— Task to carry out —
Return the listing below exactly, with the pictures dropped.

— Supplied material —
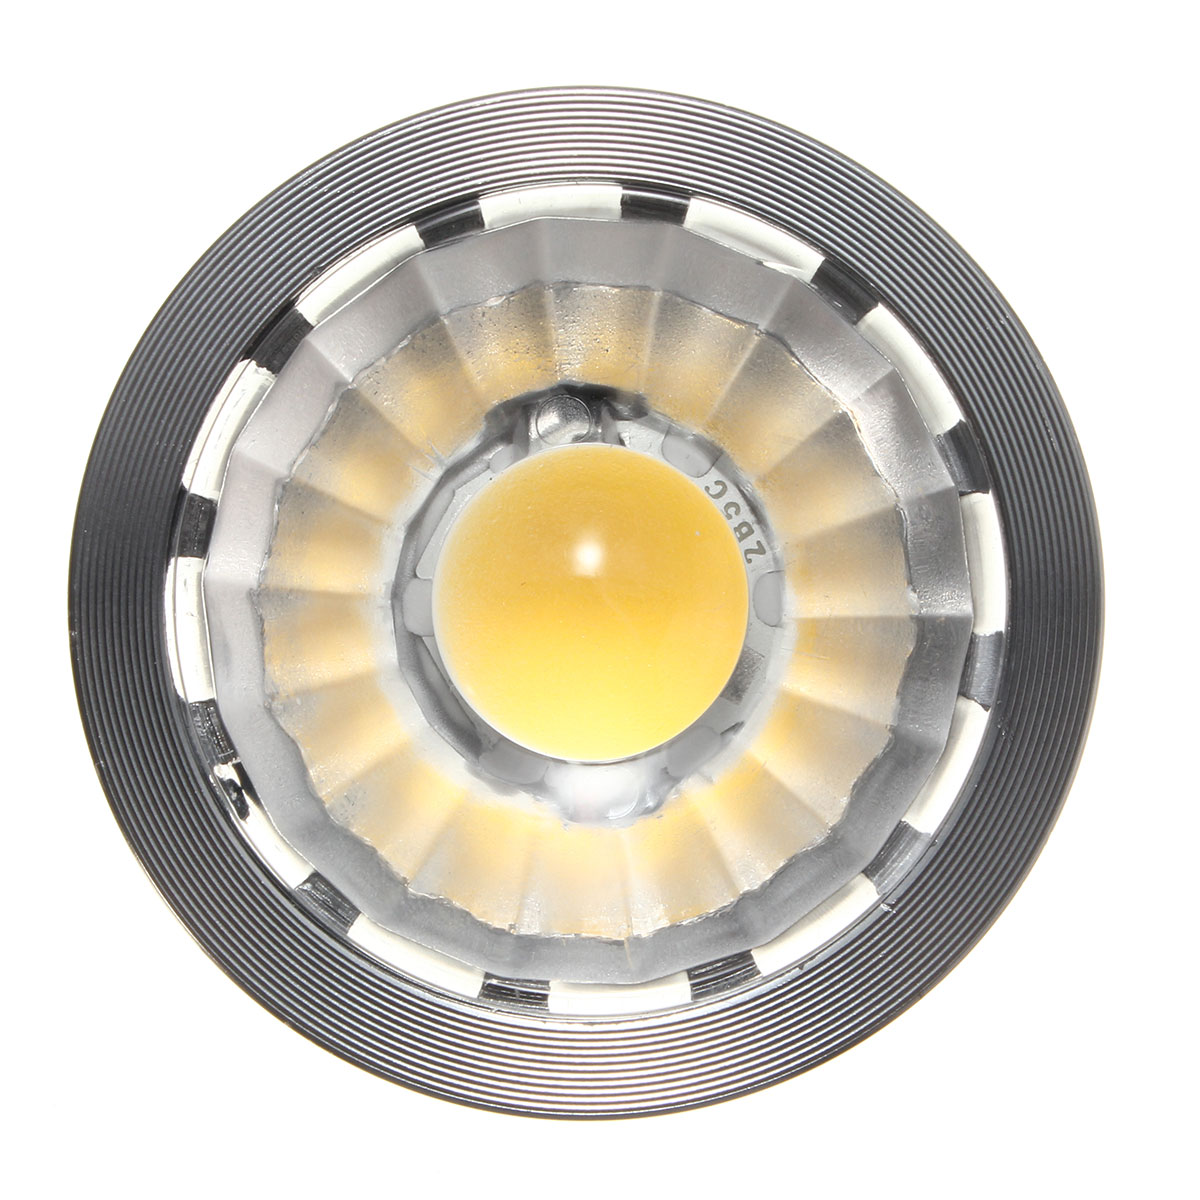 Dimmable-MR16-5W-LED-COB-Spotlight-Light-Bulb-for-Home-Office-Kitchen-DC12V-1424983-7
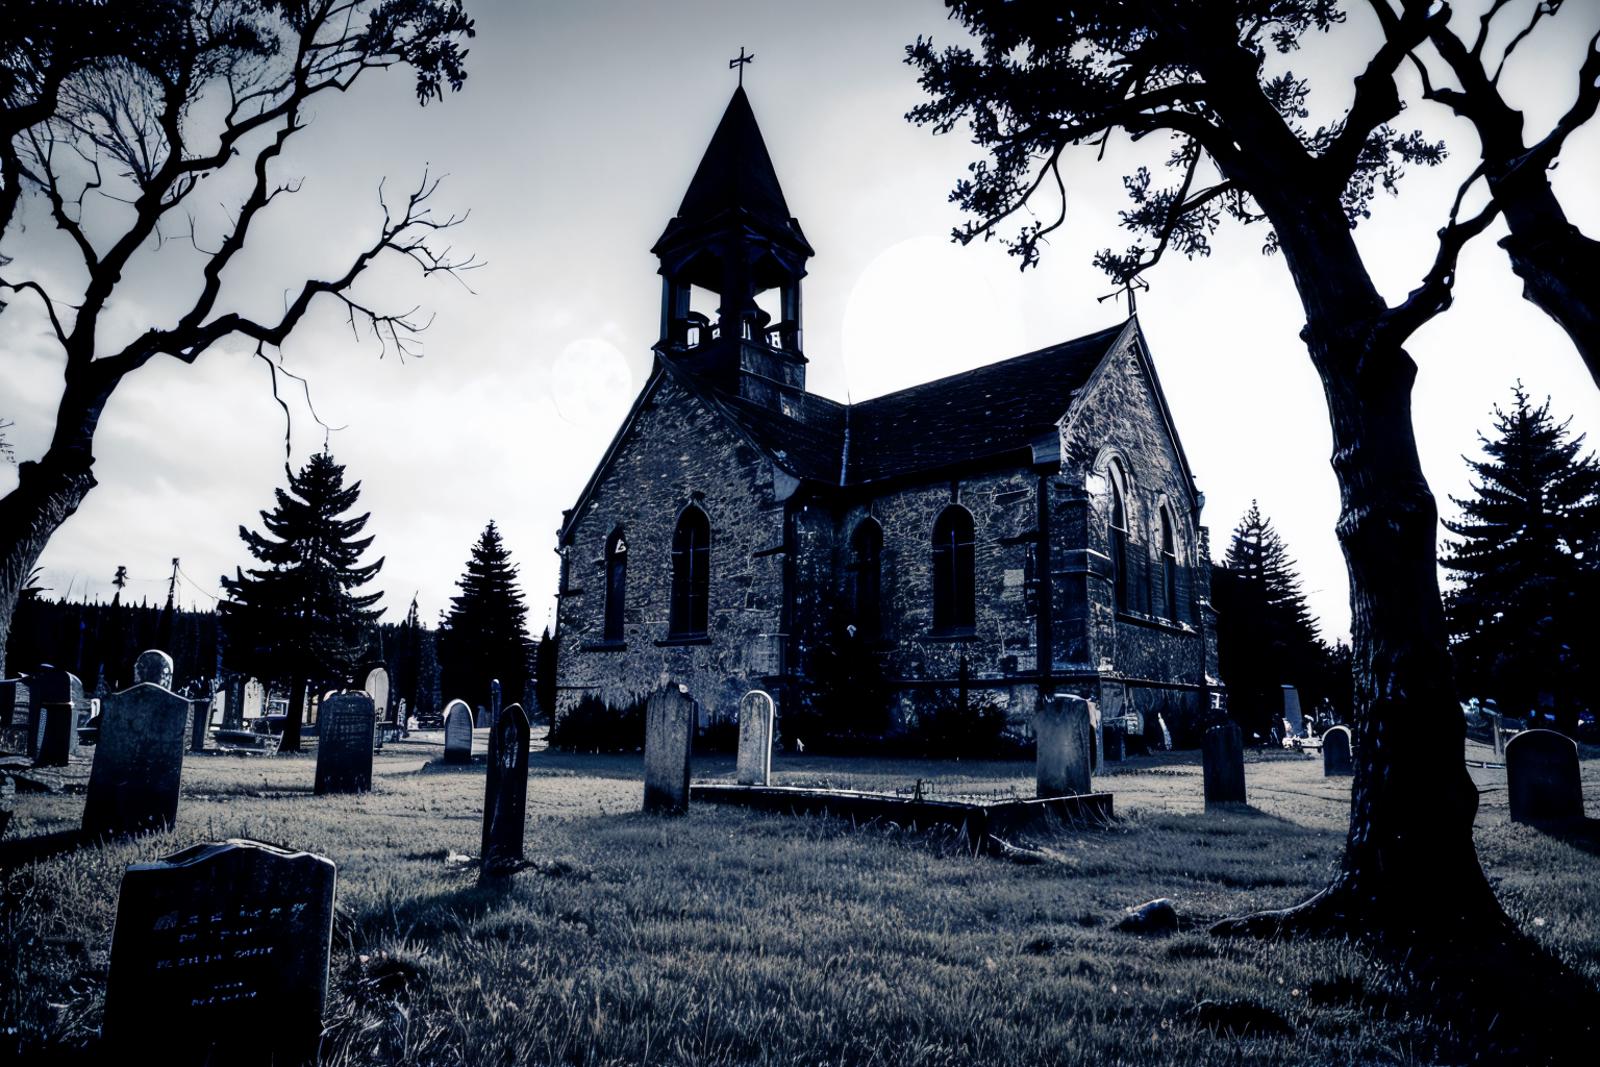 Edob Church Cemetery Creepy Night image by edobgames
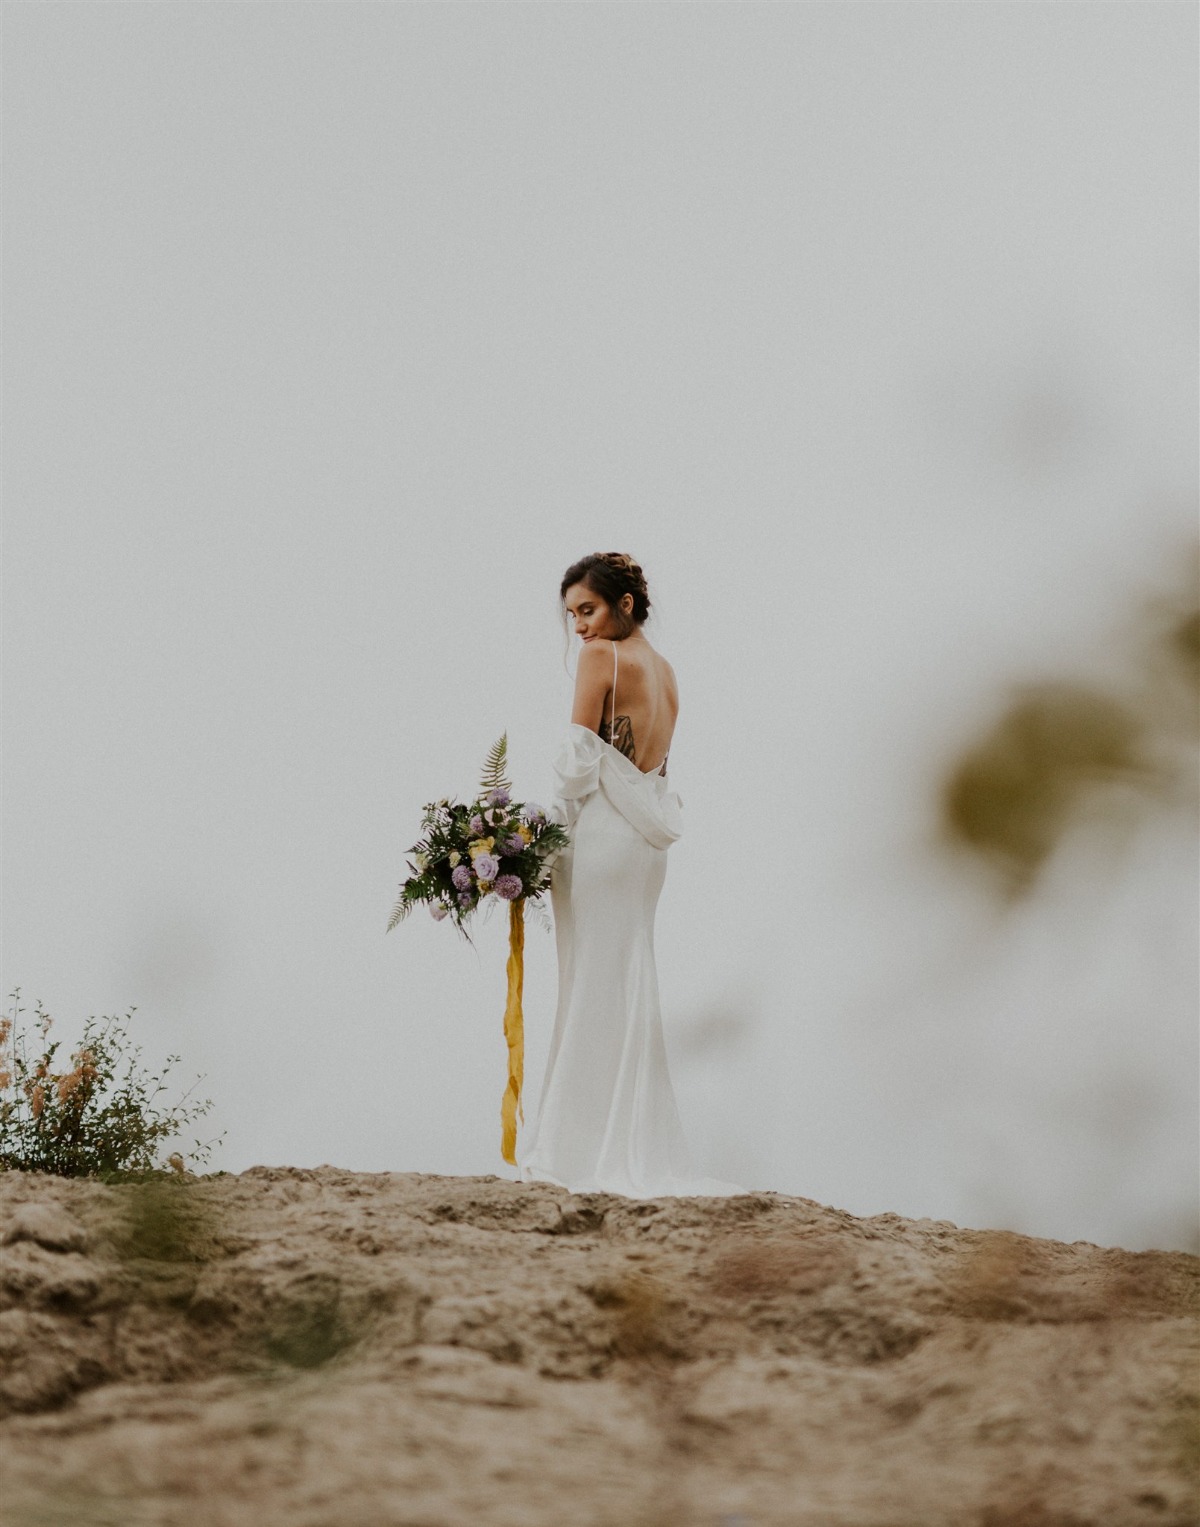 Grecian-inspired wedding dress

— Solution —
 Dimmable-MR16-5W-LED-COB-Spotlight-Light-Bulb-for-Home-Office-Kitchen-DC12V-1424983-7
 Edob Church Cemetery Creepy Night image by edobgames
 Grecian-inspired wedding dress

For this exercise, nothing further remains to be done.